Slightly harsh comment, I would say. There can be no doubt, though, that the TV has shaped modern history by broadcasting shocking graphic images. Newspaper reporting has never had quite the same power to shock. I wonder if there would have been the same protest movements against, say, Vietnam or apartheid in the 1960s and 1970s if napalm bombing etc had not been almost literally projected into people's living rooms? Would the Princess of Wales's death have had the same effect if we hadn't had the visual imagery? Would 9/11 have had quite the same effect, too, without TV?


----------



## Chouan (Nov 11, 2009)

apropos of nothing, I thought that this online article was quite good.....
https://www.thedailymash.co.uk/news...n-to-give-them-health-insurance-200908141981/


----------



## Centaur (Feb 2, 2010)

Tut tut ... I believe there may be a secret agenda behind some of your postings, Chuan ...


----------



## ZachGranstrom (Mar 11, 2010)

Chouan said:


> apropos of nothing, I thought that this online article was quite good.....
> https://www.thedailymash.co.uk/news...n-to-give-them-health-insurance-200908141981/


I'm starting to believe that you don't like us Americans. (we're really great, once you get to know us)


----------



## Peak and Pine (Sep 12, 2007)

Centaur said:


> Would the Princess of Wales's death have had the same effect if we hadn't had the visual imagery? Would 9/11 have had quite the same effect, too, without TV?


Yes and Yes. You credit television with too much. The American North and South tore the bejesus out of each other quite awhile before Fox News. Still, the impact of tv is/was enormous...until somebody, Al Gore maybe, came up with up the internet, the single greatest technological accomplishment of my lifetime. That walking on the moon thing was just beans.

(Chouan carries a pic of George Three in his wallet.)


----------



## Centaur (Feb 2, 2010)

Peak and Pine said:


> Yes and Yes. You credit television with too much.


I'll have to disagree with you. Nowadays few armies would give TV cameramen the same freedom they apparently enjoyed in Vietnam - for various reasons, but including a wish to control the visual imagery. As for 9/11, I wonder if Al-Qaeda or whoever would even have thought of it, without TV coverage?


----------



## Earl of Ormonde (Sep 5, 2008)

What or who is George Three?


----------



## Centaur (Feb 2, 2010)

He means George the third.


----------



## 12345Michael54321 (Mar 6, 2008)

Thinking is hard work.
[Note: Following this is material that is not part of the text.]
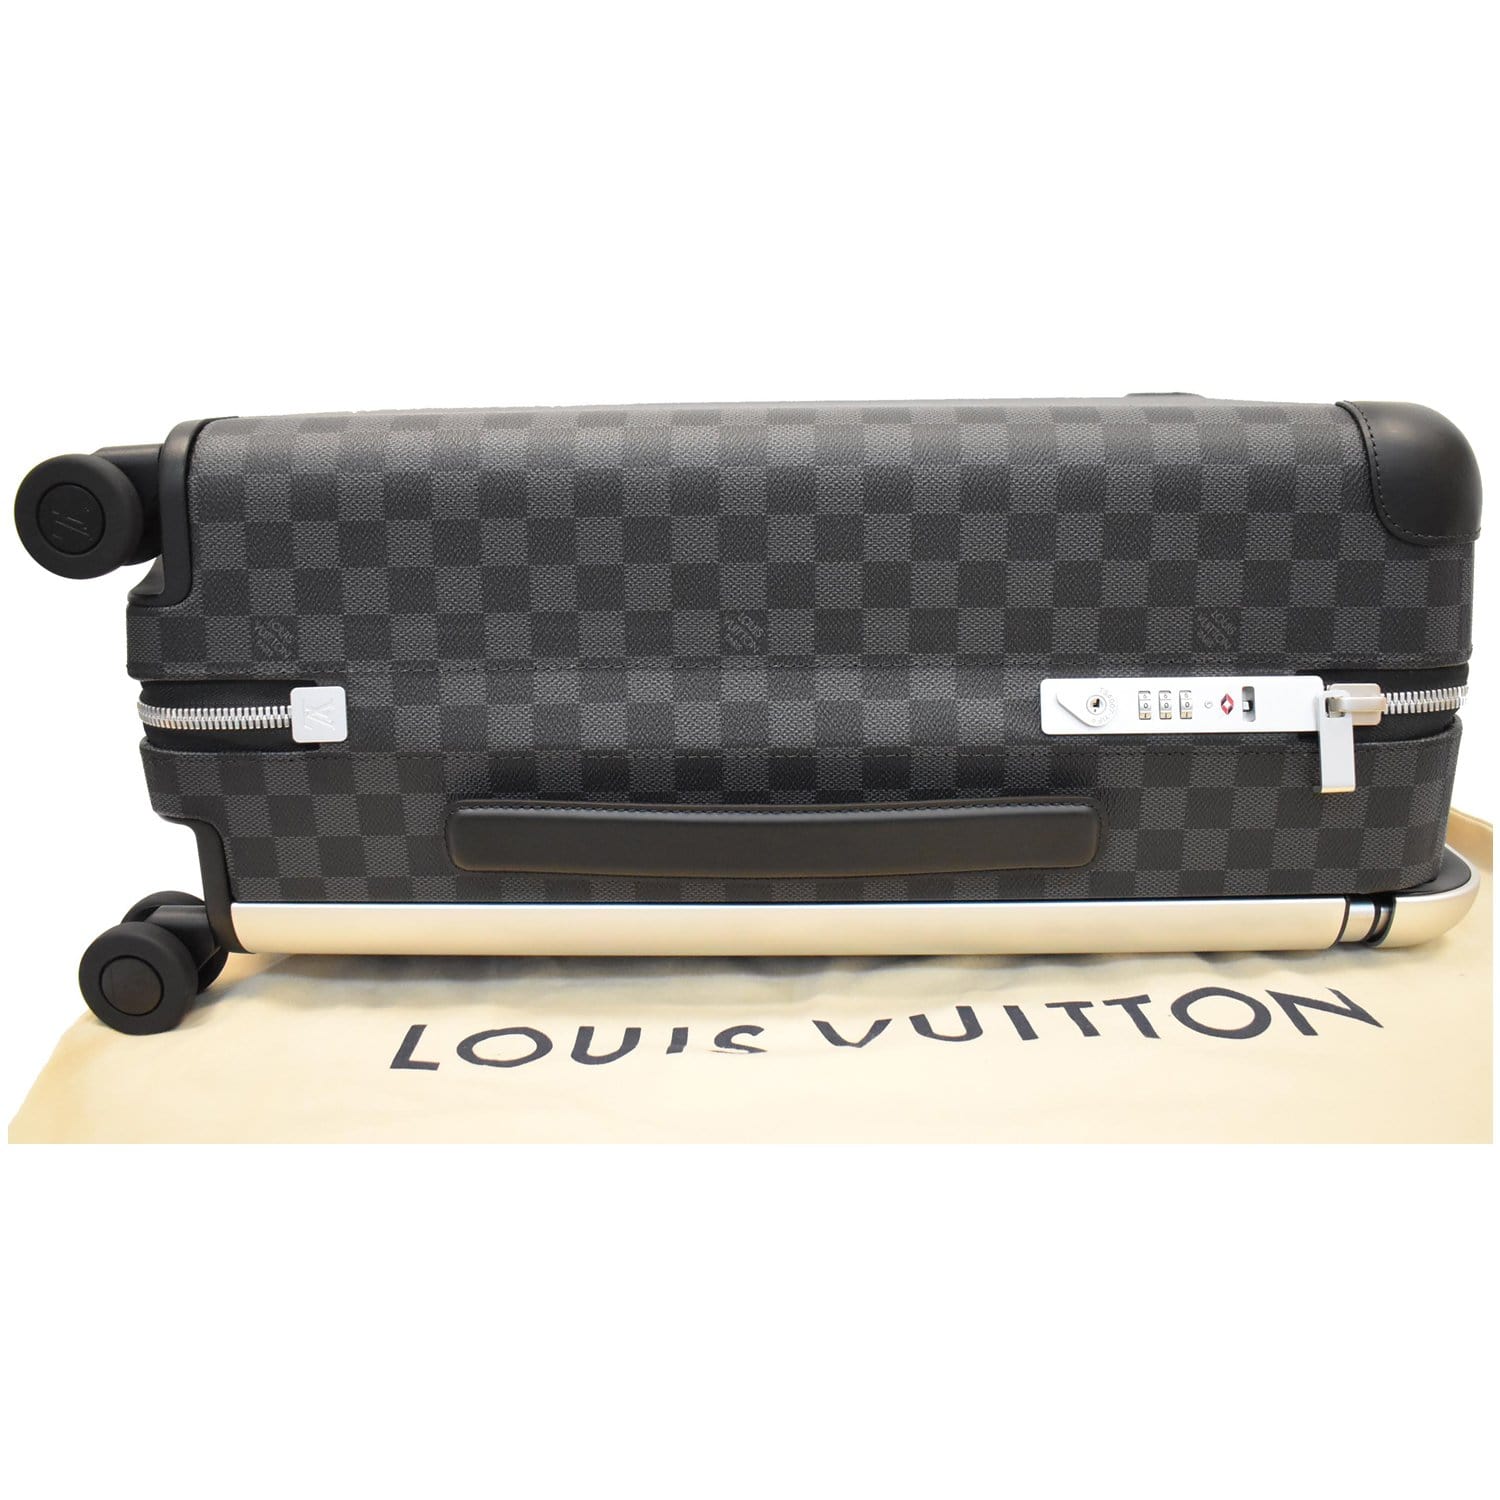 Louis Vuitton Horizon 55 Damier Graphite Rolling Suitcase

Most people prefer letting others to their hard work for them. This has been generally true in all cultures, during all historical periods. And there are always parties willing to shoulder this "burden" for their fellow man, be they government officials, newspaper publishers, clergymen, "concerned citizens," tv programming executives, "pundits," parents, spouses, etc.


----------



## Quay (Mar 29, 2008)

Any source for this quote?


----------



## Peak and Pine (Sep 12, 2007)

Why do you need a source? Don't we all just acknowledge this?


----------



## 12345Michael54321 (Mar 6, 2008)

Quay said:


> Any source for this quote?


A few seconds with Google seems to indicate the source was Hal Becker, a media expert and management consultant, of the Futures Group (a private think tank), in a 1981 interview.


----------



## Peak and Pine (Sep 12, 2007)

Earl of Ormonde said:


> What or who is George Three?





Centaur said:


> He means George the third.


Geez, Earl, he was_ your_ king, do I have to explain it to _you_?


----------



## Quay (Mar 29, 2008)

Peak and Pine said:


> Why do you need a source? Don't we all just acknowledge this?
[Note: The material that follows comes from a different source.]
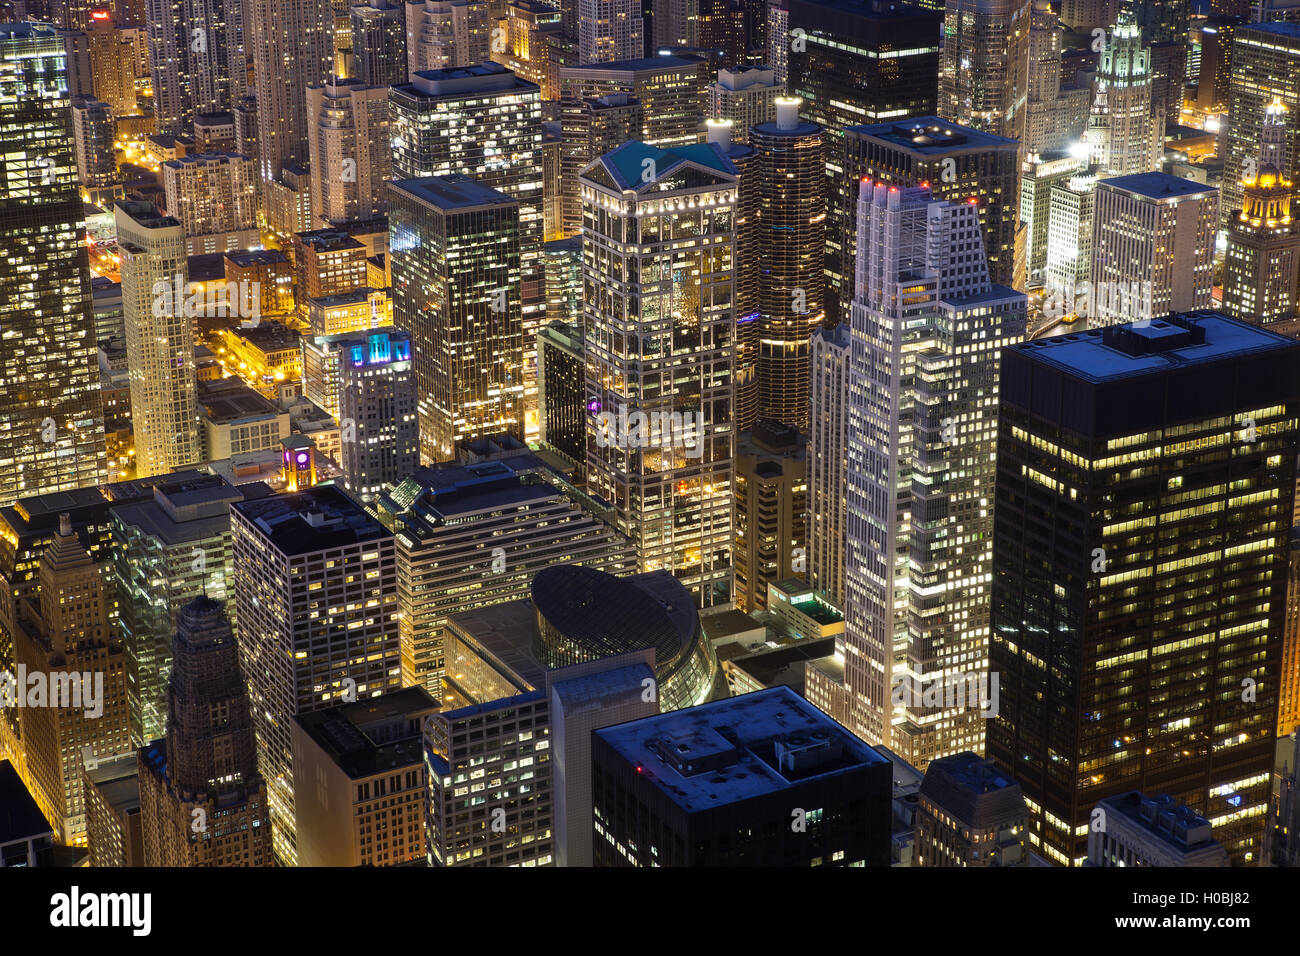 Chicago Architecture.Cierre la imagen arriba de los edificios del centro de Chicago en la noche. Foto de stock

 I'm sure the OP would like this immensely, for others to chew on things without thought, slurping down prejudices and poisons like fine tea. But alas, I'm irreparably suspicious of middling personas that post things to make mischief. Plus, as Mark Twain wrote, it's good to pay attention to these things:

"It is my belief that nearly any invented quotation, played with confidence, stands a good chance to deceive."
- _Following the Equator _


----------



## Quay (Mar 29, 2008)

12345Michael54321 said:


> A few seconds with Google seems to indicate the source was Hal Becker, a media expert and management consultant, of the Futures Group (a private think tank), in a 1981 interview.
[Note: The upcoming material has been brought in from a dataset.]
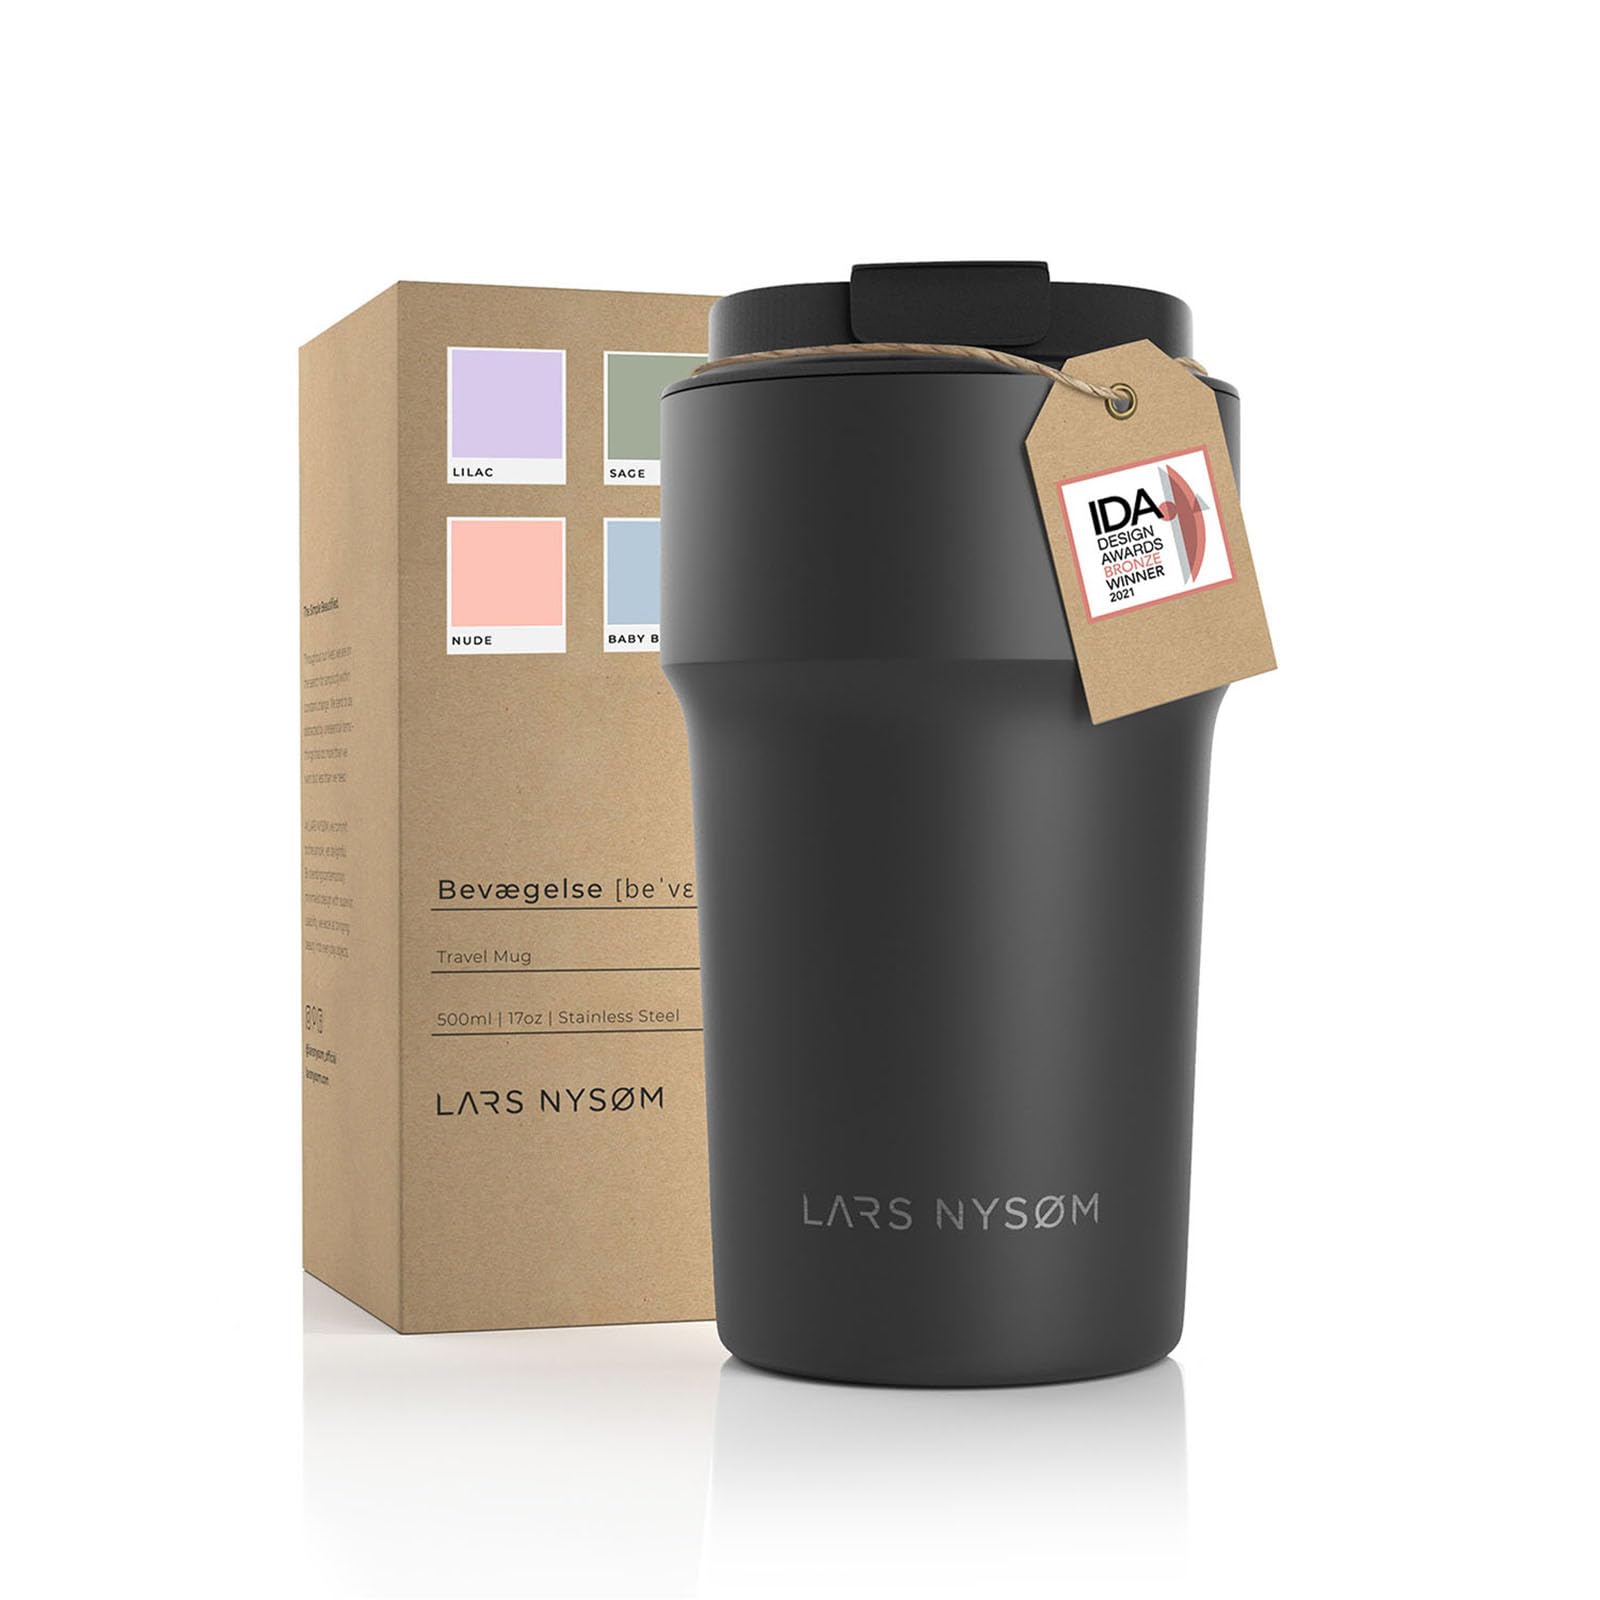 LARS NYSØM Thermo Kaffeebecher-to-go 500ml | BPA-freier Travel Mug 0.5 Liter mit Isolierung | Auslaufsicherer Edelstahl Thermobecher für Kaffee und Tee unterwegs | Teebecher (Onyx Black, 500ml)

I think it's always a good idea to use "seems" when referencing something found by Google or on the net. Both are vast collectors without any intelligence, copying what anyone has said about anything without any sense, sensibility or veracity. As the always interesting Stephen Fry said about why the internet interests him:

"...because I like to find out that I died, and that I'm currently in a ballet in China, and all the other very accurate and important things that Wikipedia brings us all."https://en.wikipedia.org/wiki/Stephen_Fry#cite_note-70


----------



## Peak and Pine (Sep 12, 2007)

Don't know precisely or even unprecisely what a _middling persona_ is or even if it referred to me, but what I asked was meant rhetorically since I sorta feel that Left or Right, you or me (and based on previous posts I think you and I agree mostly on political stuff), there would seem to be a consensus that the sentiment expressed was basically correct, historically and now. It doesn't even seem to be much of a quote, more like common knowledge. Did I misread it?


----------



## JJR512 (May 18, 2010)

Earl of Ormonde said:


> 1. People don't read the printed word enough, they rely too much on TV, radio and the internet


1. https://www.nytimes.com/
2. https://online.wsj.com/home-page
3. 
4. https://www.chicagotribune.com/
5. https://www.suntimes.com/
6. https://www.latimes.com/
7. https://www.time.com/time/
8. https://www.newsweek.com/
9. https://www.usnews.com/
10. https://www.ap.org/
11. https://www.reuters.com/
12. https://www.usatoday.com/

Does it really matter if the word being read is actually printed on a piece of dead tree or not? I don't see anything wrong with relying on the internet for news.


----------



## Earl of Ormonde (Sep 5, 2008)

Centaur said:


> He means George the third.


Ah, George III or George the Third. I wonder why he didn't write that then... George Three indeed! Good God, is nothing sacred!


----------



## Earl of Ormonde (Sep 5, 2008)

Peak and Pine said:


> Geez, Earl, he was_ your_ king, do I have to explain it to _you_?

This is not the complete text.